Even today there remains a lot of confusion around what companies mean by digital transformation. Talk of making content ‘digital’ often refers to plans for capturing documents and information in an electronic format, while transformation refers to the new possibilities that are created as a result. But real transformation can only take place once organisations have reliable, ready and precise access to information and the insights it contains. Here, data doesn’t simply exist electronically; it can also be intelligently and quickly called up – and used in new ways to support advanced decision-making; to complete tasks more swiftly and accurately; and to generally make people’s lives easier.

In general, when companies talk about digital transformation, they are referring to information accessibility and knowledge exchange and the potential that is unlocked once this is improved significantly. The implication – and hope – is that, once everyone can plug in to the fuller insights they need, on demand, this will drive substantial improvements to productivity, and to process accuracy and efficiency.

One of the obvious beneficiaries of improved information management in life sciences is regulatory affairs – a function which must collate, curate, quality-check and prepare data ad infinitum, to stay compliant with the latest industry specifications and keep products on the market. Here we consider the specific opportunities enabled by digital transformation of this department and its activities.

Compliance-related collaboration

There have been some great advances in the way life sciences firms and regulating bodies capture, share and process important product-related data, as needed to get products into a given market, and to keep them there. Yet, although standards-based document templates and formats for electronic application submissions may have been an important step towards more efficient data exchange, any efficiency and productivity gains will remain limited unless the constituent data is easy to call up and verify as the definitive, correct information – to satisfy a given query, for instance, or enable a next action to be taken.

It is potentially of greater value still, if document compilation processes can be automated to some degree, from reliable, definitive, good-quality data about a product. It could also save human teams a lot of time and risk of error, if correct, up-to-date information contained in incoming submissions can be intelligently ‘read’ and filed by receiving systems, and automatically organised into databases where the same content can be readily extracted again in response to an authorised user’s search, or perhaps as part of broader analytics across a wider set of records.

With digitisation, as opposed to electronic data capture, the template of documents is no longer simply Word based; it is encoded with the XML formatting, allowing linked, live data to be lifted from or delivered to databases. This offers all sorts of advantages for everyone concerned, reducing repetitive manual data re-entry and the associated scope for human error and delay. Regulatory rigour now involves checks happening in one main place, for instance, while automation simplifies the task of extracting data, entering this into documents, and checking for information consistency.

And this opportunity extends beyond pharmaceutical and biotech products, now. With regulatory changes, extended data requirements will also apply to medical devices and combination products.

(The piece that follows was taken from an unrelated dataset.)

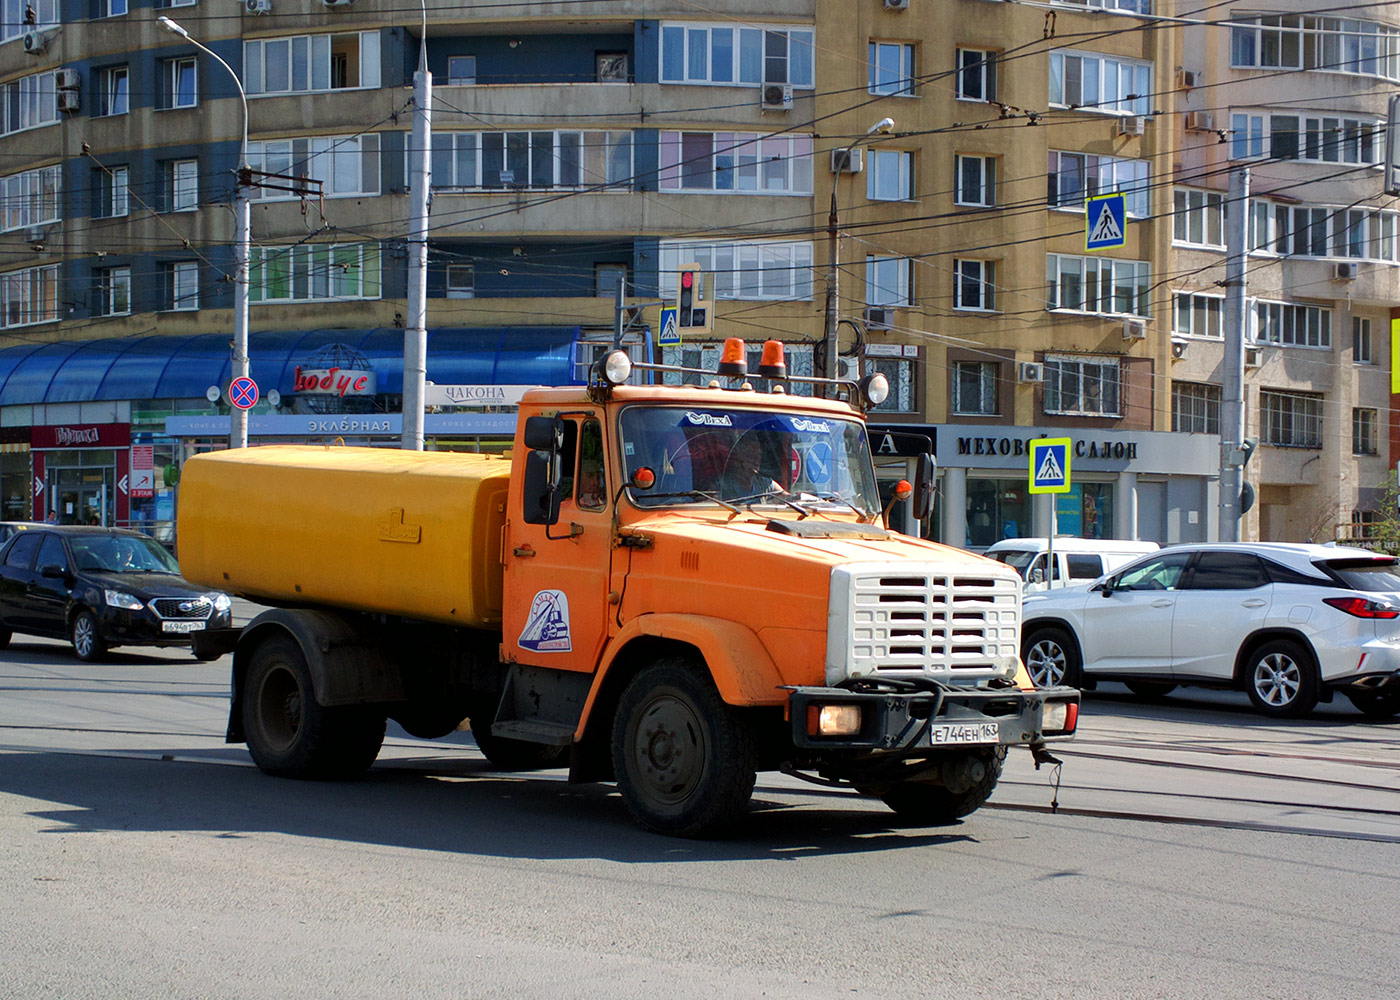 Поливомоечная машина КО-713 на шасси ЗиЛ-433362 #Е744ЕН163. г. Самара, ул. Полевая

Holistic data management, at scale

As source data, rather than static documents, becomes the emphasis of regulatory information management, life sciences companies must ensure they have the means to manage and maintain the quality and currency of all of this data.

As regulators’ demands increase, so will the range and scope of the data that firms will need to have readily available to them. Building and maintaining a complete set of regulatory information for the authorisation or life-cycle management of a product is likely to involve data from multiple different databases – from clinical to toxicology and beyond. The regulatory agency, meanwhile, will continue to build global databases for the manufacturer, the marketing authorisation holder, for excipients, and for pharmacovigilance.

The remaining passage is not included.